27. Les principes généraux concernant la détention des requérants dans le cadre de l’article 5 de la Convention ont été établis par la Cour dans l’affaire ArrozpideSarasola et autres, précité, §§ 138 et ss. La Cour ne voit pas des raisons de s’écarter de cette jurisprudence et de l’application qui en est faite en l’espèce et estime que ce grief doit être rejeté pour défaut manifeste de fondement, en application de l’article 35 §§ 3 et 4 de la Convention.

V. SUR L’APPLICATION DE L’ARTICLE 41 DE LA CONVENTION

28. Aux termes de l’article 41 de la Convention :

« Si la Cour déclare qu’il y a eu violation de la Convention ou de ses Protocoles, et si le droit interne de la Haute Partie contractante ne permet d’effacer qu’imparfaitement les conséquences de cette violation, la Cour accorde à la partie lésée, s’il y a lieu, une satisfaction équitable. »
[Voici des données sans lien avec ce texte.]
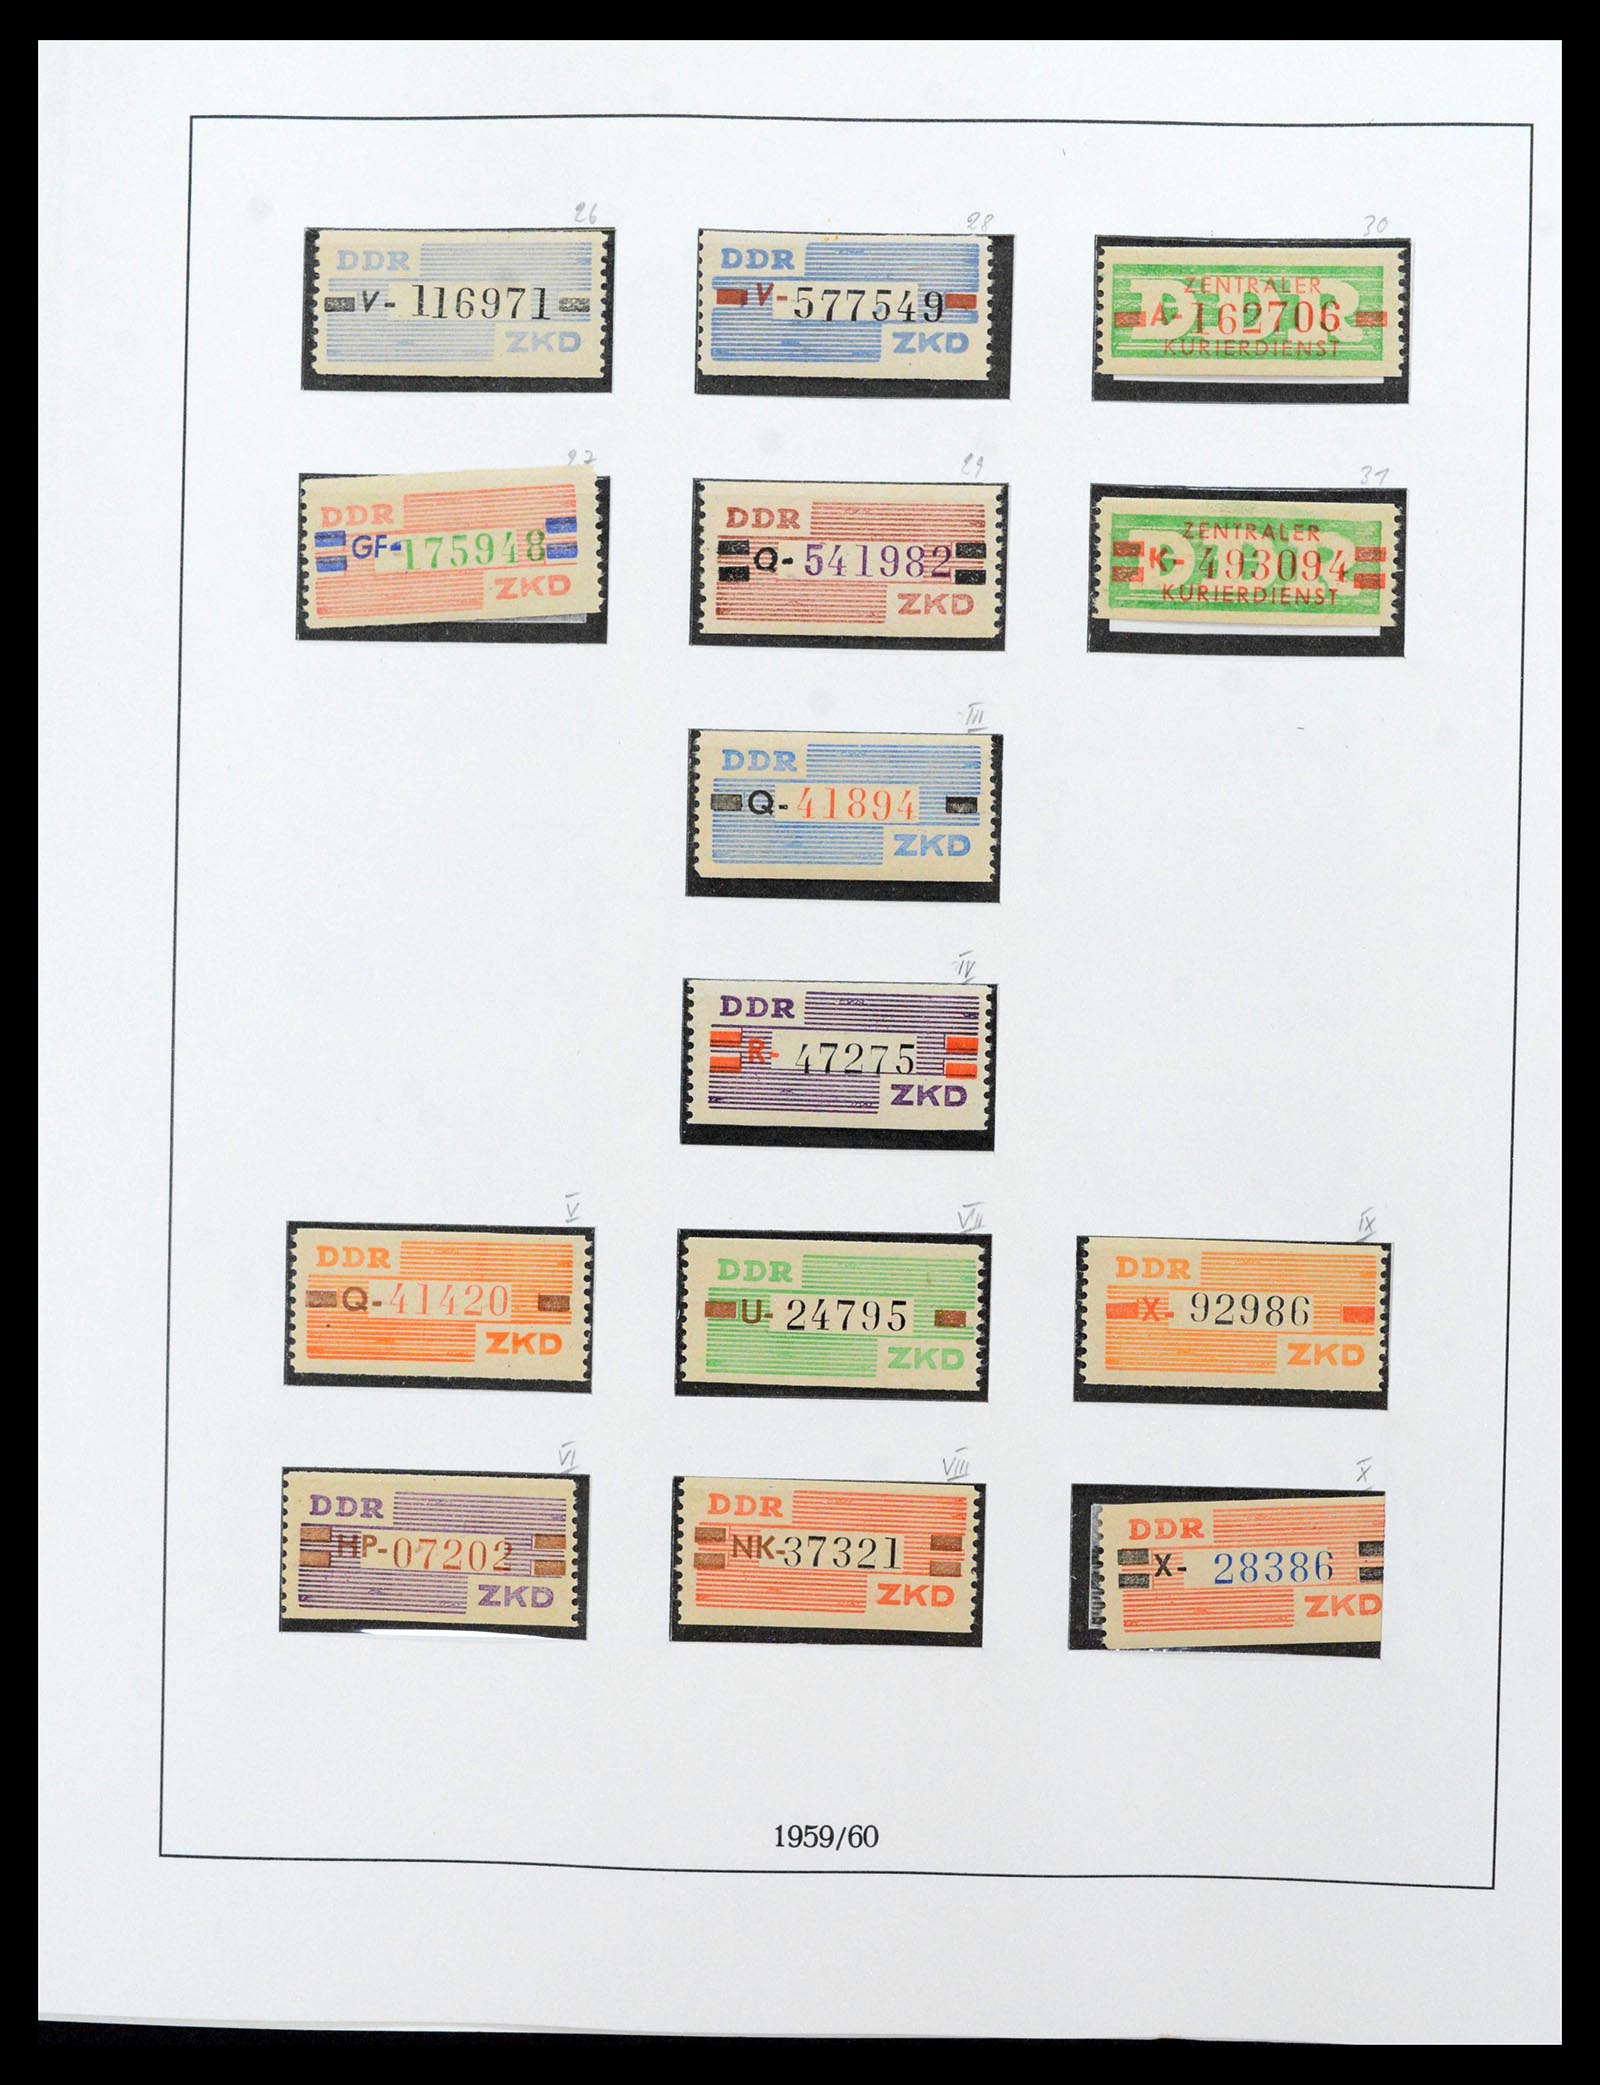 39376 0006 - Stamp collection 39376 GDR service stamps 1951-1965.

29. Les requérants n’ont pas présenté de réclamations au titre de la satisfaction équitable. La Cour conclut qu’il n’y a pas lieu d’octroyer de somme en l’espèce.

PAR CES MOTIFS, LA COUR, À L’UNANIMITÉ,

1. Décide de joindre les requêtes ;

2. Déclare les requêtes recevables quant au grief tiré de l’article 6 § 1 de la Convention et irrecevables pour le surplus ;

3. Dit qu’il y a eu violation de l’article 6 § 1 de la Convention.

Fait en français, puis communiqué par écrit le 20 octobre 2020, en application de l’article 77 §§ 2 et 3 du règlement.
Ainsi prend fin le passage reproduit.